Los círculos, la forma perfecta, el símbolo de la divinidad, la serpiente egipcia que mordiéndose la cola ejemplifican el tiempo y el espacio. Los círculos, en todos lados, los círculos. Recuerdo otra cosa, Arquímedes murió mientras dibujaba un círculo en el arenero de su patio, pero eso aquí, en medio de una marea estival de humanos de vacaciones, no le importa a nadie. Saqué el cuchillo, la abracé, deteniéndola. Ella giró su cabeza hacia atrás, sorprendida, y me preguntó que pasaba. Te amo, le dije, siempre te voy a amar. Su expresión no decía nada, pero no rechazó el beso. La miré a los ojos mientras el cuchillo se hundía en su estómago, la blusa blanca se tiño de rojo, rápidamente y yo recordé ese jugo que sostenía sobre su vientre esa misma tarde. Intenté no dañarla más de lo necesario cuando extraje el cuchillo. Ella cayó al suelo mirándome a los ojos mientras casi inmediatamente un circulo comenzó a formarse a su alrededor, un circulo perfecto en el que los ojos curiosos eran equidistantes a la herida desde donde la sangre se escapaba en un delta rojo, para desembocar en un charco espeso que se formaba bajo su cuerpo. Seguí caminando, el círculo formado en torno a ella, comprimió aún más a la multitud que parecía ser un organismo que respiraba inflándose intermitentemente y a espacios regulares. El movimiento brusco de la masa que ocasioné en la fabricación del círculo, me dejó frente a frente con un hombre que, con mirada bovina, intentaba dilucidar qué ocurría en el círculo formado unos metros más adelante. Hundí el cuchillo en su camisa verde y aprovechando el empuje de la multitud acompañé su caída con el hombro, dejándolo caer tan suavemente como pude. Un nuevo círculo se formó. Allí fue cuando cerré los ojos y pude verme desde arriba, pude ver que era el punto primordial extendido en el plano, que podía cerrarme sobre mi mismo, ser la cúpula, la bóveda que limitaba el cielo y la tierra. Fue allí cuando con la mano húmeda de sangre supe que fui el hombre que dibujo Miguel Ángel acostado sobre un círculo, extendiendo sus brazos para alcanzar lo divino.

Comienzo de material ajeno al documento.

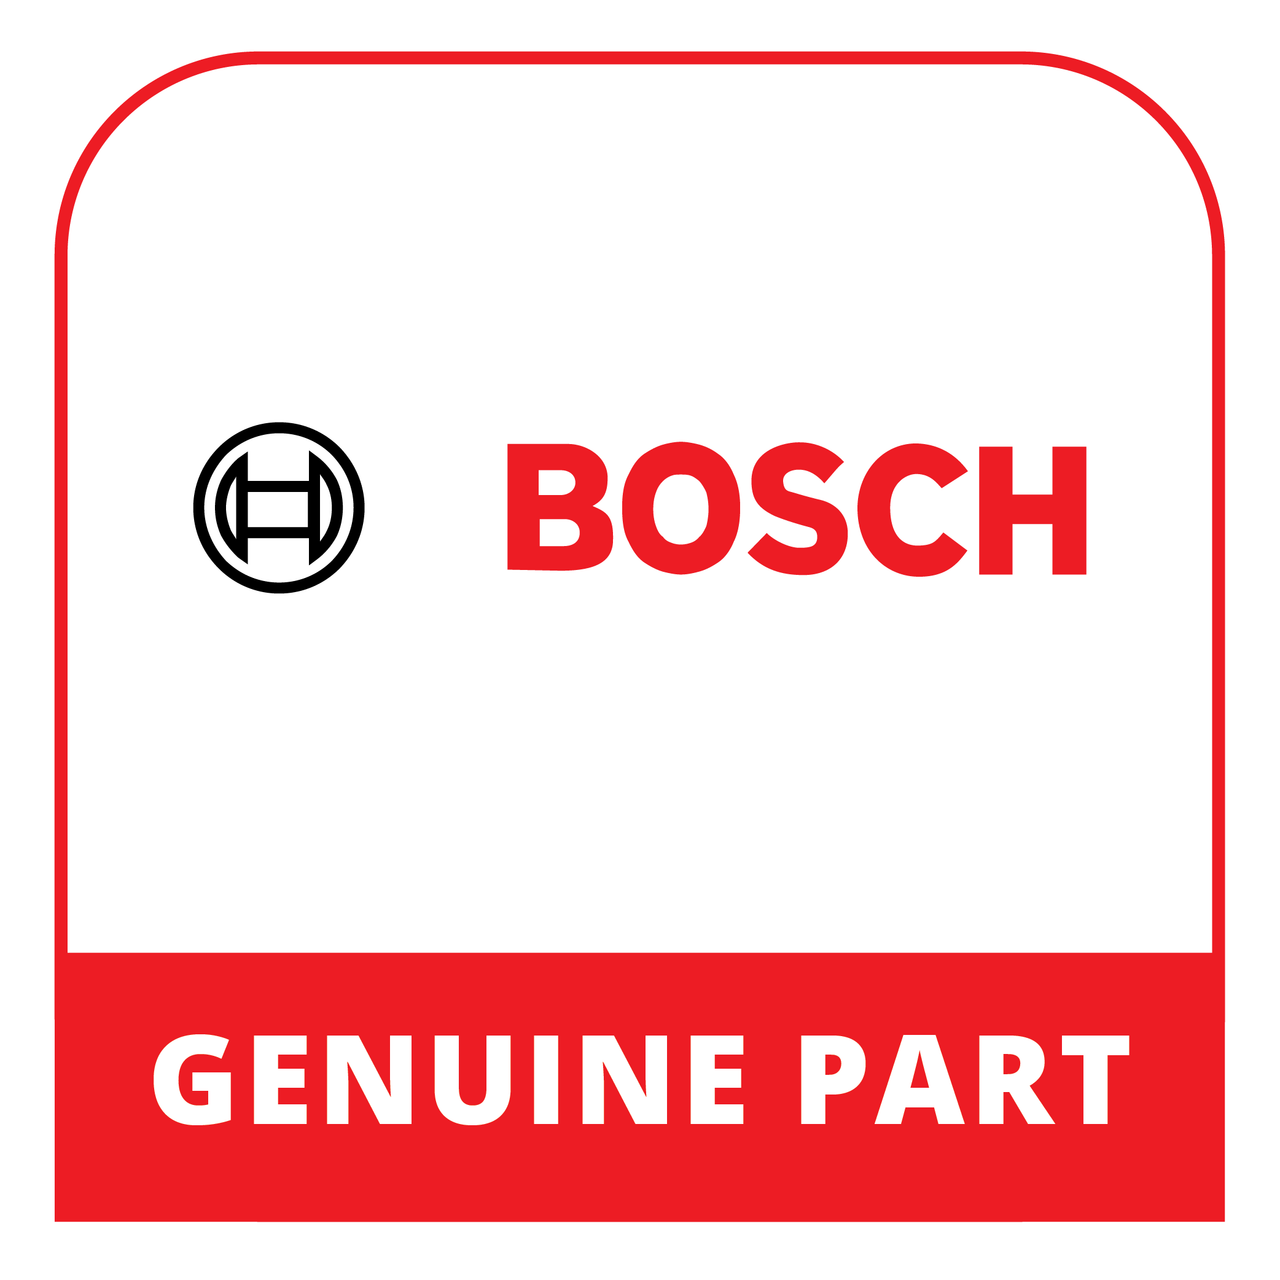 Bosch (Thermador) 23002673 - Glass Ceramic Hob Top - Genuine Bosch (Thermador) Part

Faltaba poco para salir de ese atroz infierno de anónimas cabezas moviéndose acompasadas al ritmo de la masa, faltaba poco para eludir esa obligación masiva de divertirse, de disfrutar el sol y el calor, faltaba sólo un círculo más. Una mujer me empujó e inmediatamente posó su mano en mi antebrazo apretándolo suavemente en un gesto que es un pedido de disculpas. Dudé un momento, debo confesarlo. Pero sólo faltaba un círculo, faltaba esa gota negra con el punto blanco que iba a llenar el impoluto balde de nuestra naturaleza dual. No era mi objetivo personal, lo hacía por todos, así que hundí el cuchillo por tercera vez. El tercer círculo estaba completo. Pude ver, unos metros más allá, como la multitud estaba más dispersa, incluso vi gente que dialogaba usando sus brazos para ejemplificar o afirmar lo que decían. Caminé hacia allí, donde había espacio, dónde había aire entre los círculos, dónde éramos diagramas que no se chocaban. Subí la calle, miré hacia arriba, con la cabeza en alto en un intento de respirar la parte más fresca de la brisa, la avenida estaba a sólo a unos metros. Pensé en las ruinas circulares de piedra en medio de la campiña inglesa y en la pileta de la casa que habíamos alquilado. Caminé tranquilo, tenía una hora larga hasta la casa, al menos eso decía el círculo del tiempo que llevaba en mi muñeca.